Set down, exactly and with no pictures, the line that contains "ani 39 s villa" and all lines after it in the listing.
**** Information supplied
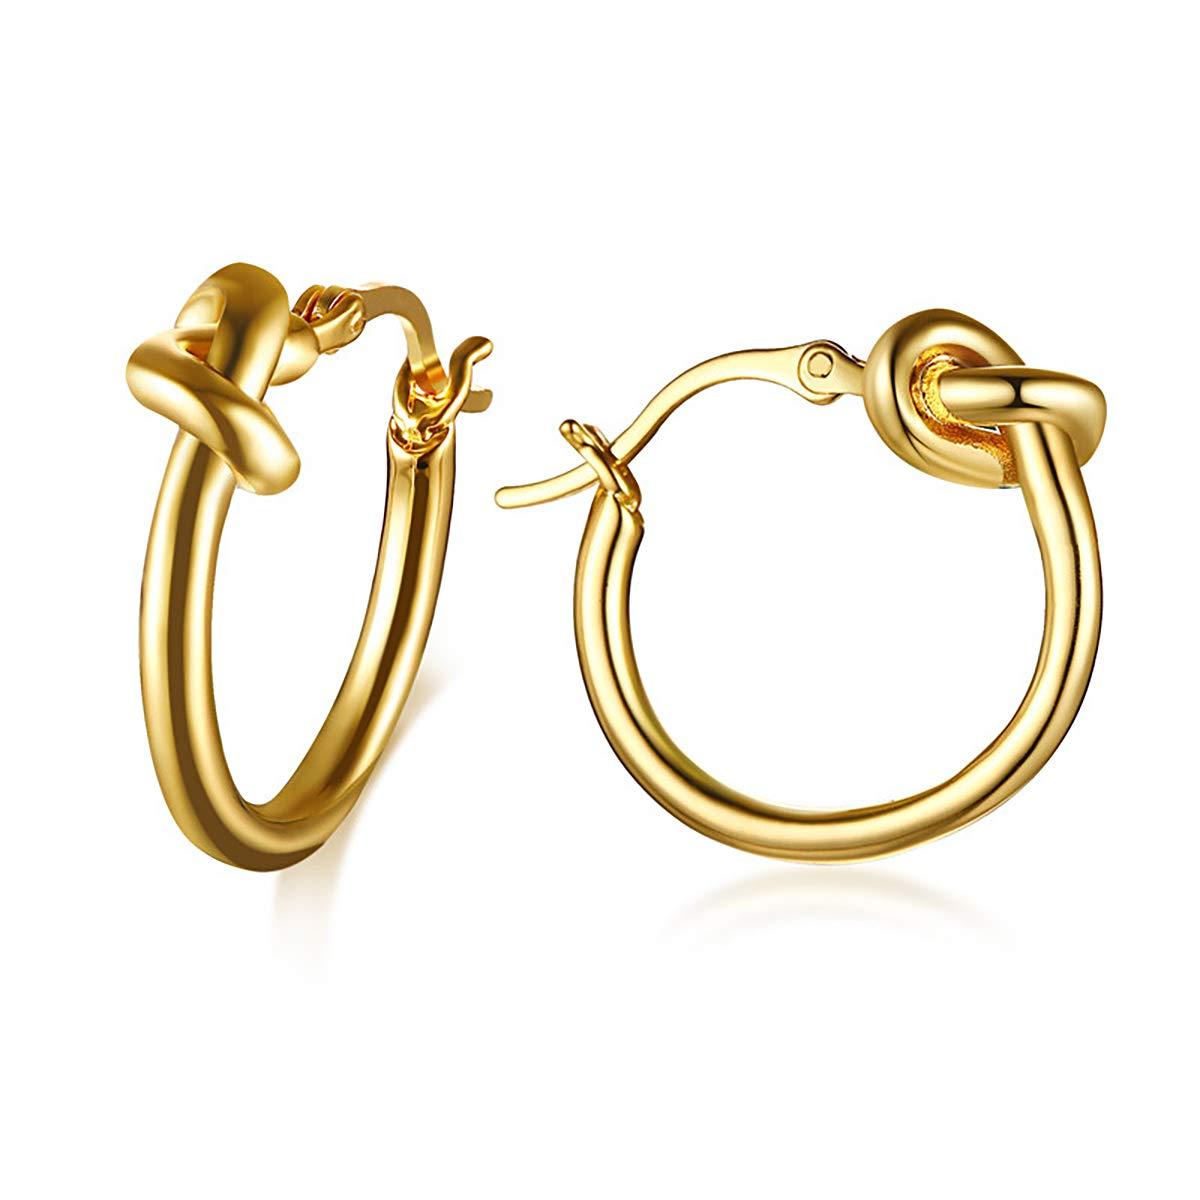 Women Girls Love Knot Hoop Earrings Stainless Steel Round Circle Dangle Earrings
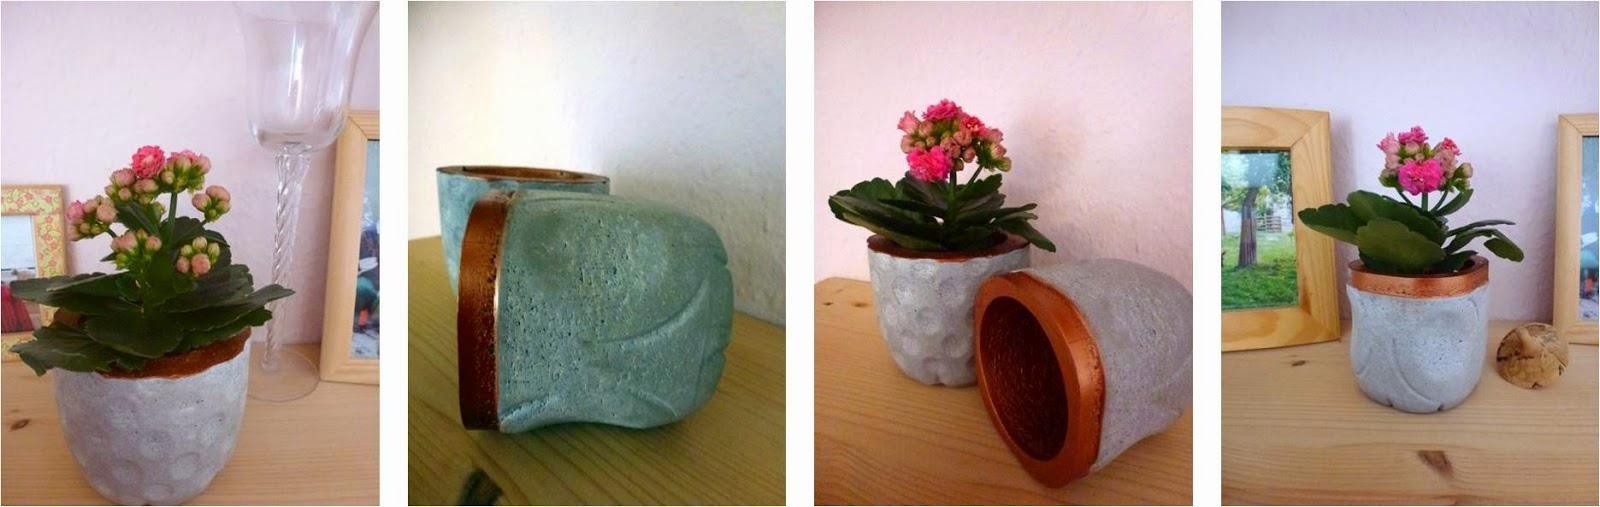 ani 39 s villa kunterbunt beton mit suchtpotential. Black Bedroom Furniture Sets. Home Design Ideas
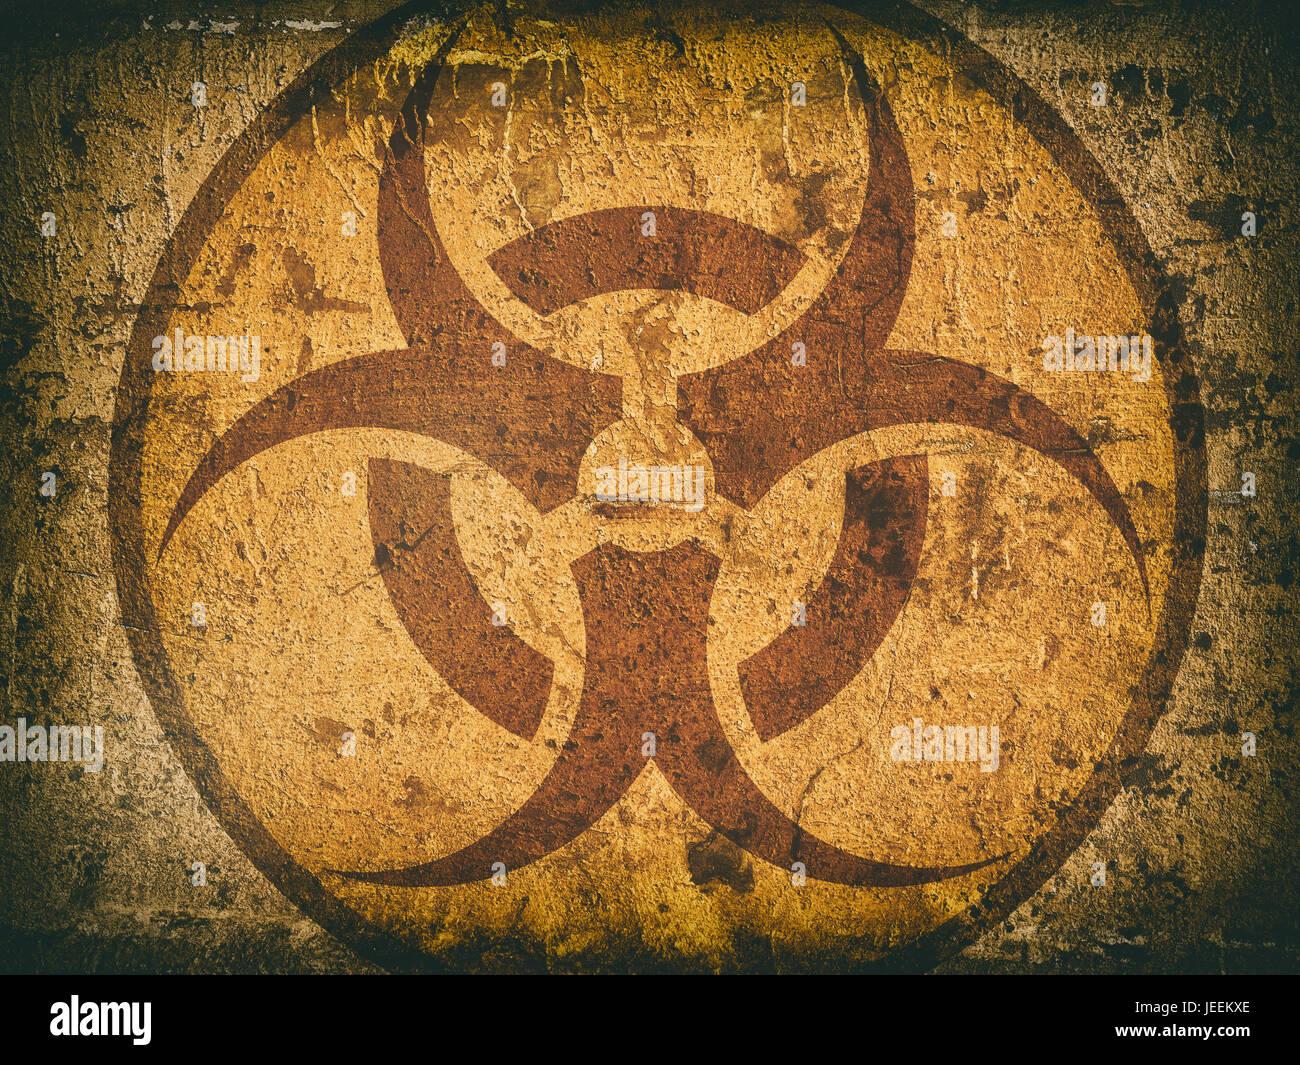 bio hazard symbol on a cracked stone wall. Grunge background Stock Photo
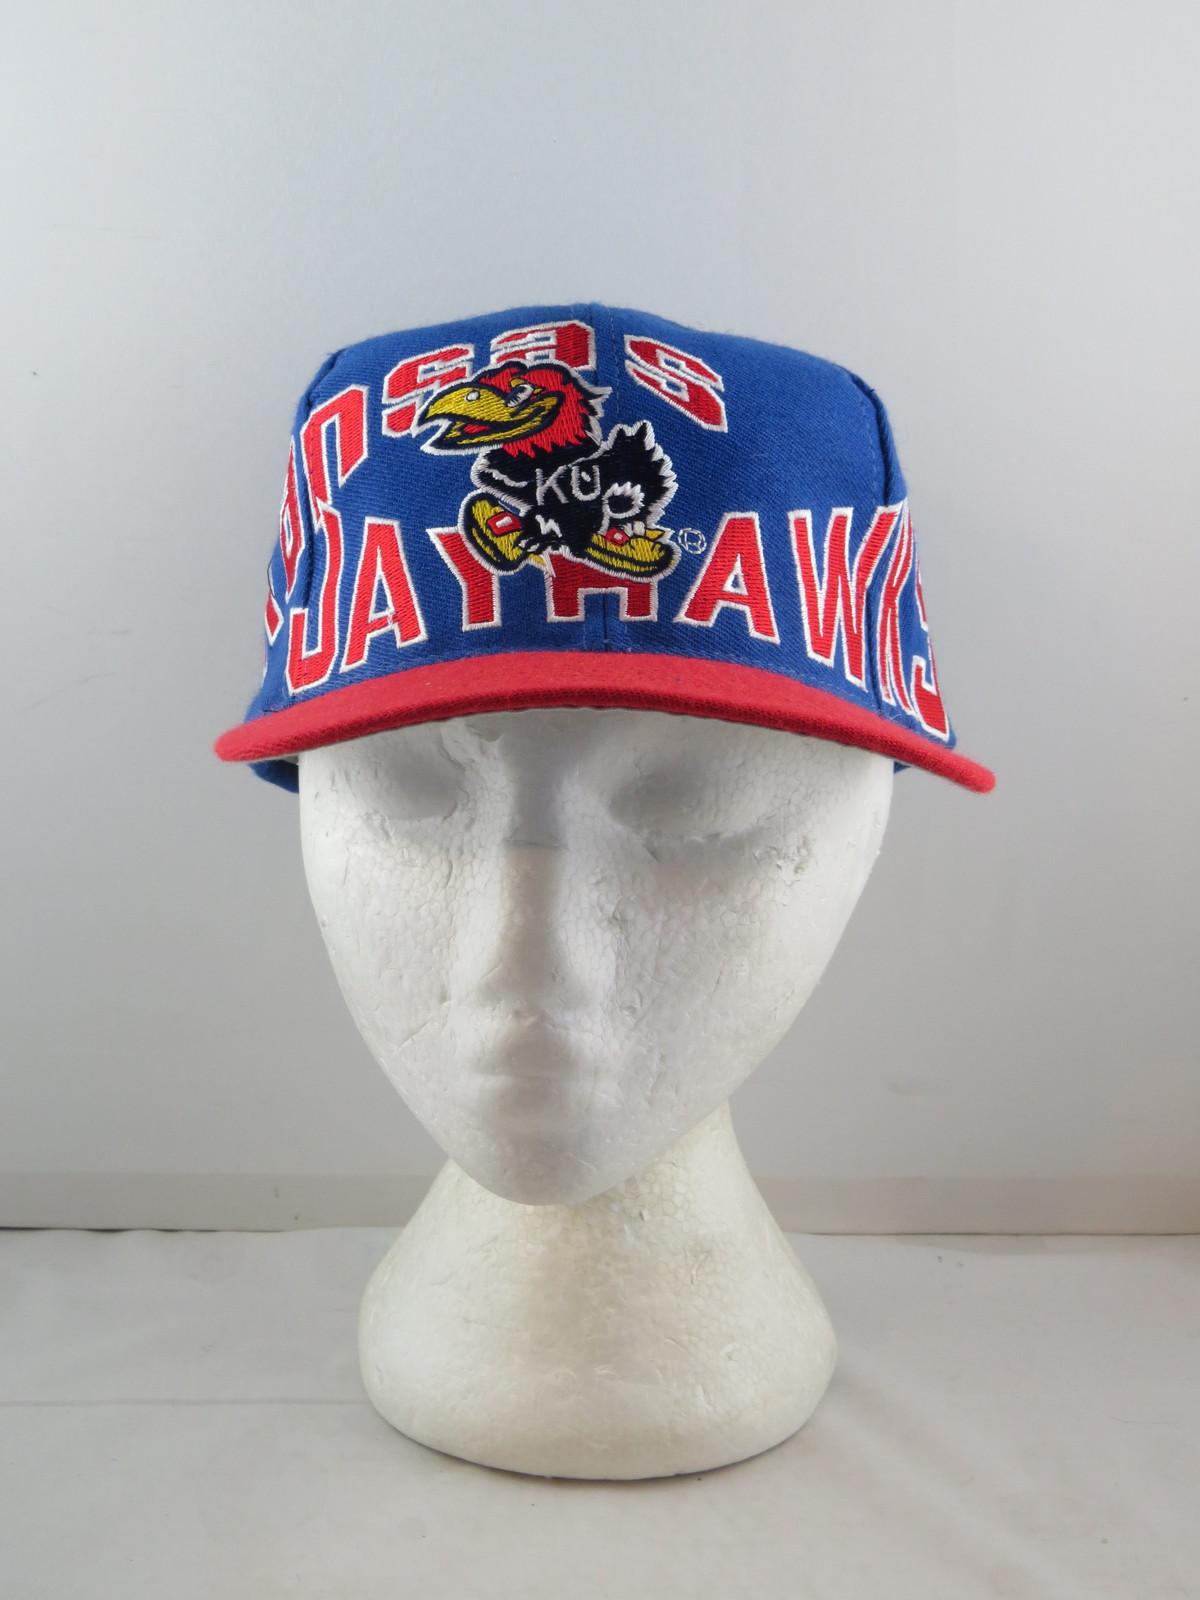 Kansas Jayhawks Hat (VTG) - Oversize Script by Apex One - Adult Snapback
********
Answer to this task
 ani 39 s villa kunterbunt beton mit suchtpotential. Black Bedroom Furniture Sets. Home Design Ideas
 bio hazard symbol on a cracked stone wall. Grunge background Stock Photo
 Kansas Jayhawks Hat (VTG) - Oversize Script by Apex One - Adult Snapback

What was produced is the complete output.